After all, I feel a little more solid today.  Mind, Body, Spirit- I’ll get it together.

Coming to the water, and when I say water, I mean the majestic, marvelous, mysterious Ocean.  I can get my scales back.  My scales of balance. Not some mermaid sea creature!  Aw, but I can dream…hold on…  my hair drips a little salt water, hehe…okay, I pretend.  I brought myself here, up the little hill of sand in front of lg station #8.  I marinate in the crashes of the water.  Those surfers out there get it….I wish I had learned to surf…perhaps I still can, just with a shark cage around me.

I slowly start to release or rather relax, start doing breathing…deep breath in through my nose…hold…count of 7, then slowly release at a count of 10.  As I get some cleansing breaths in, at this point, at about the third breath, I can start to feel my mind relaxing.

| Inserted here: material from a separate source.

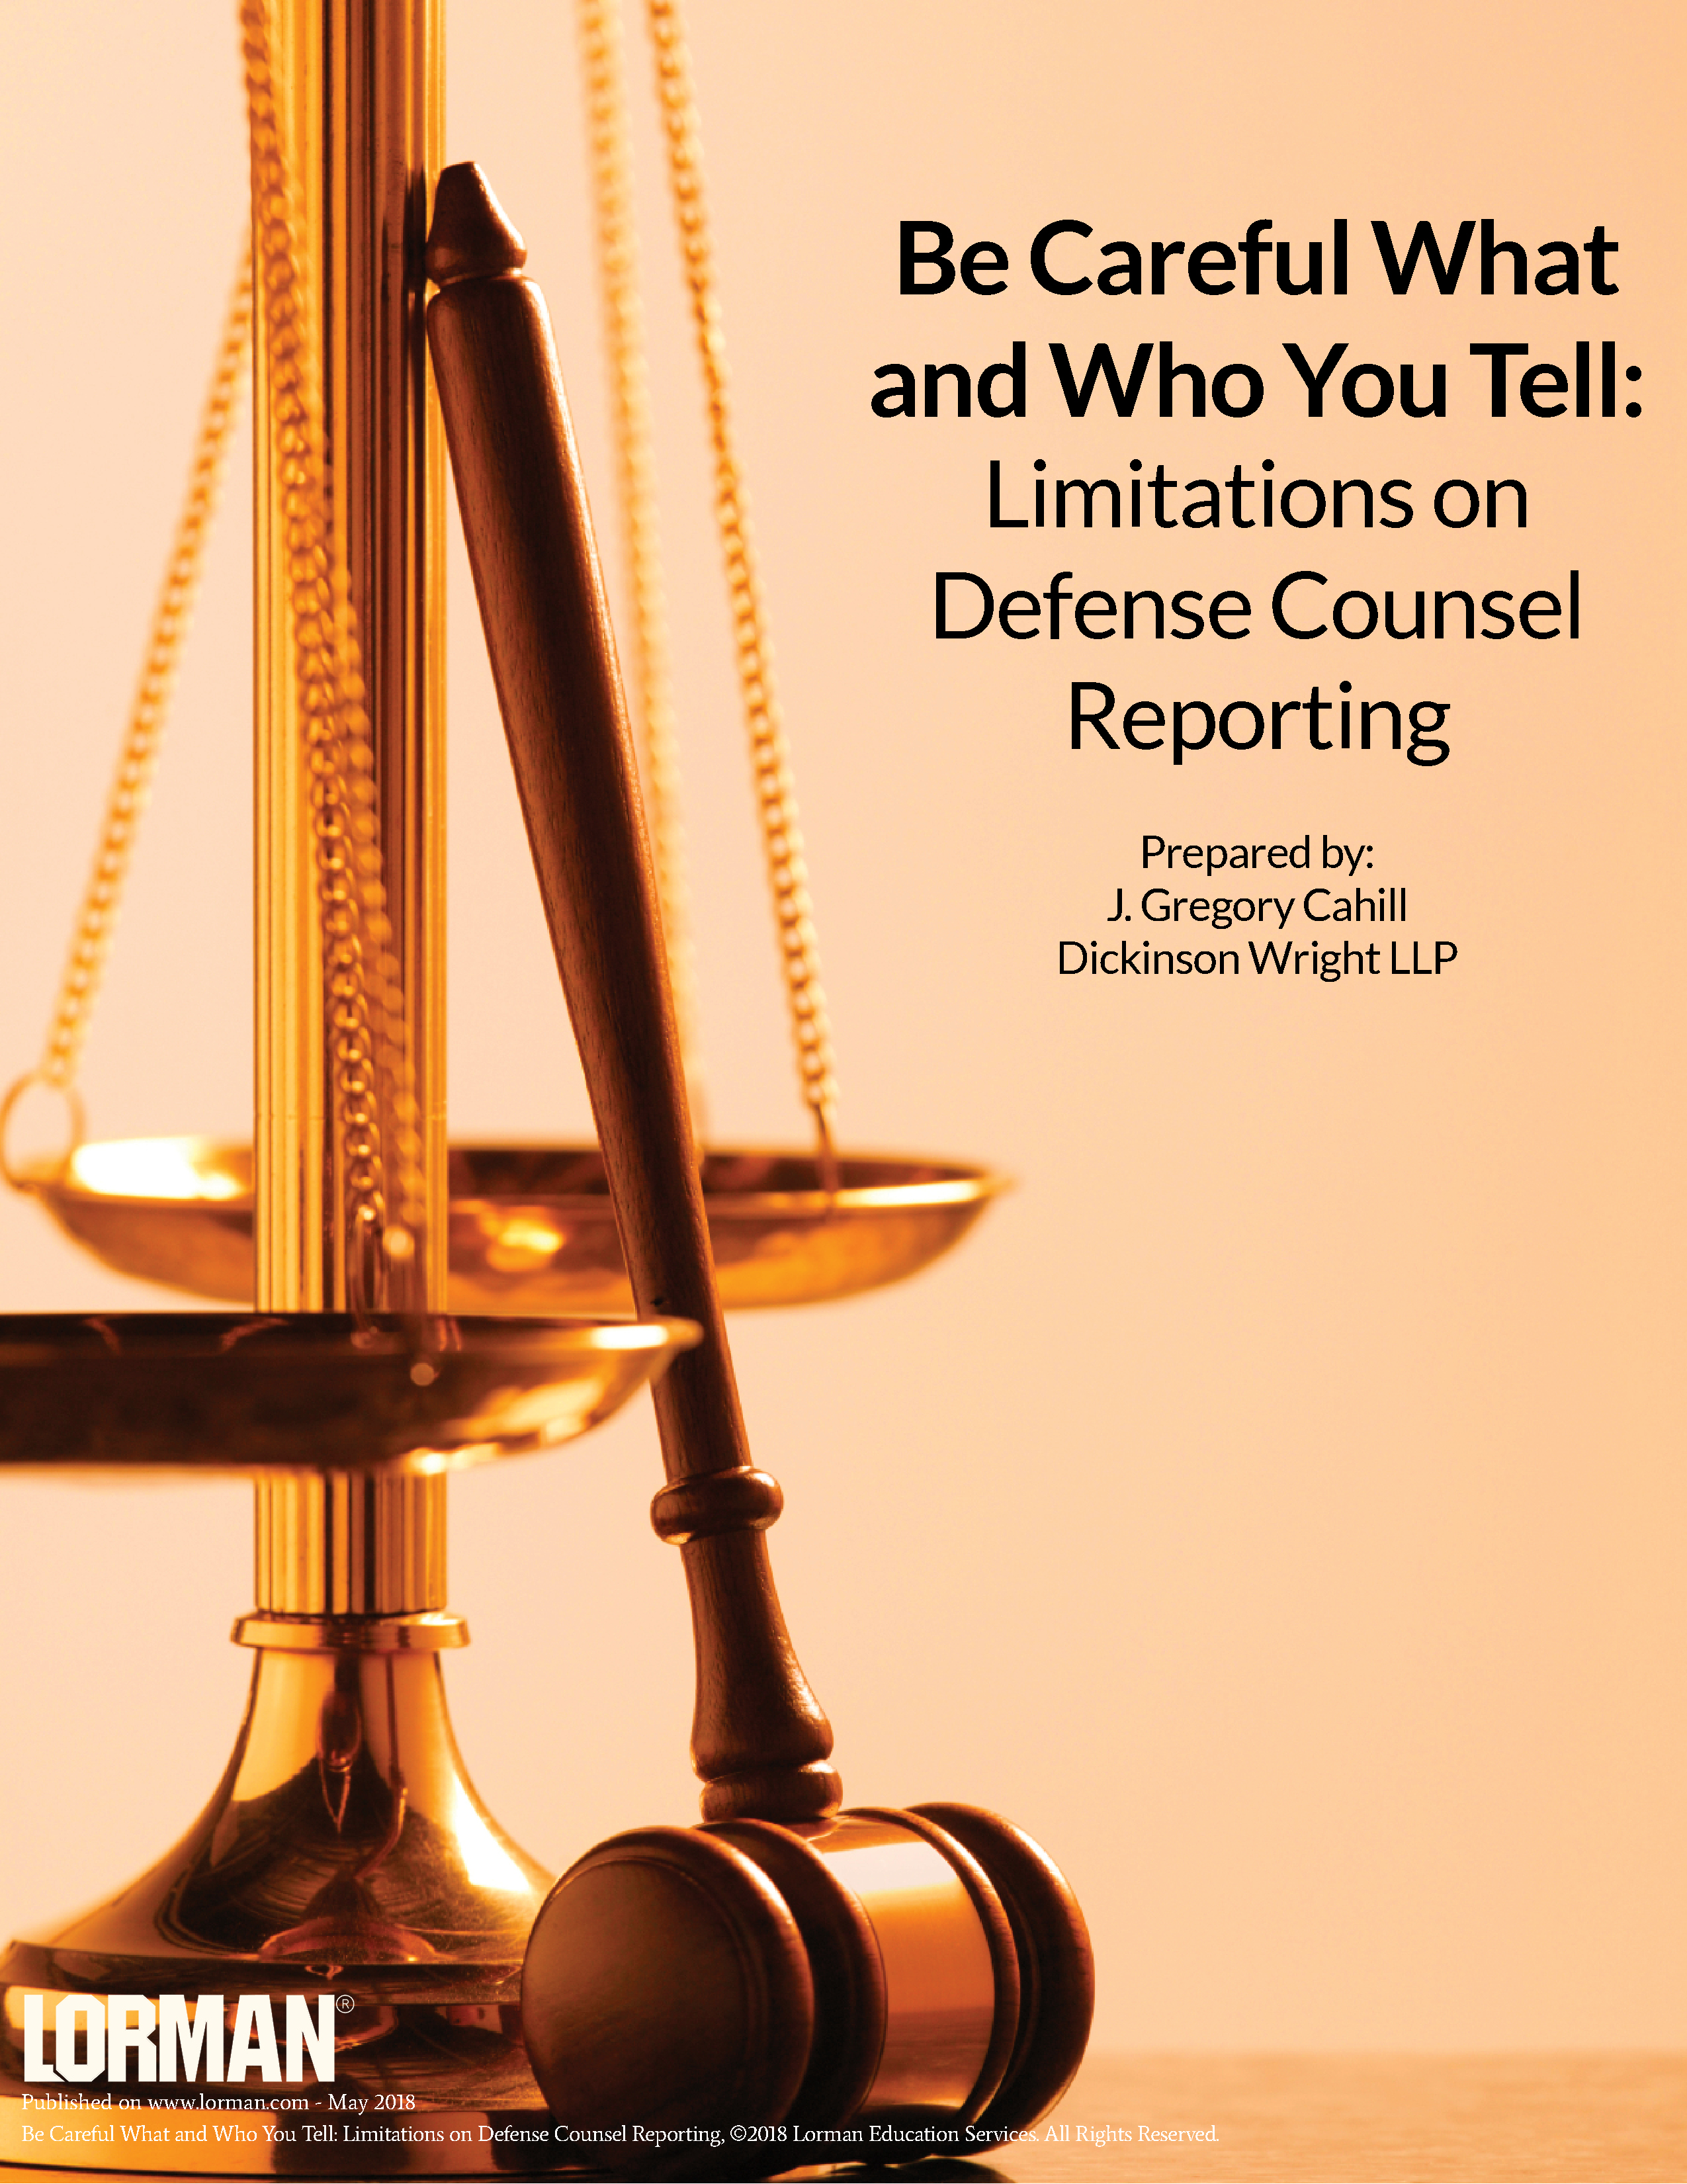 Be Careful What and Who You Tell: Limitations on Defense Counsel Reporting

This day I ask for cleansing as I imagine the swirl and push pull of the heavy life force of the Ocean coursing through me.

I imagine the pains and hurts, anguish, despair, loneliness and downright fear to go with the water, away from me.  Out of me.

I ask for love to take its steed.

Let me be a LoveBeacon LightHouse.

 

ps:  I absolutely have to update again to say, just as I was jotting this down, sitting in the slightly sunnied kitchen table, that boy/man who will soon be 18 walked by,

As he did, nothing was said.  He did reach over and sorta kinda scrub my head.

A LoveTouch.  Thank You. Thank You. Thank You.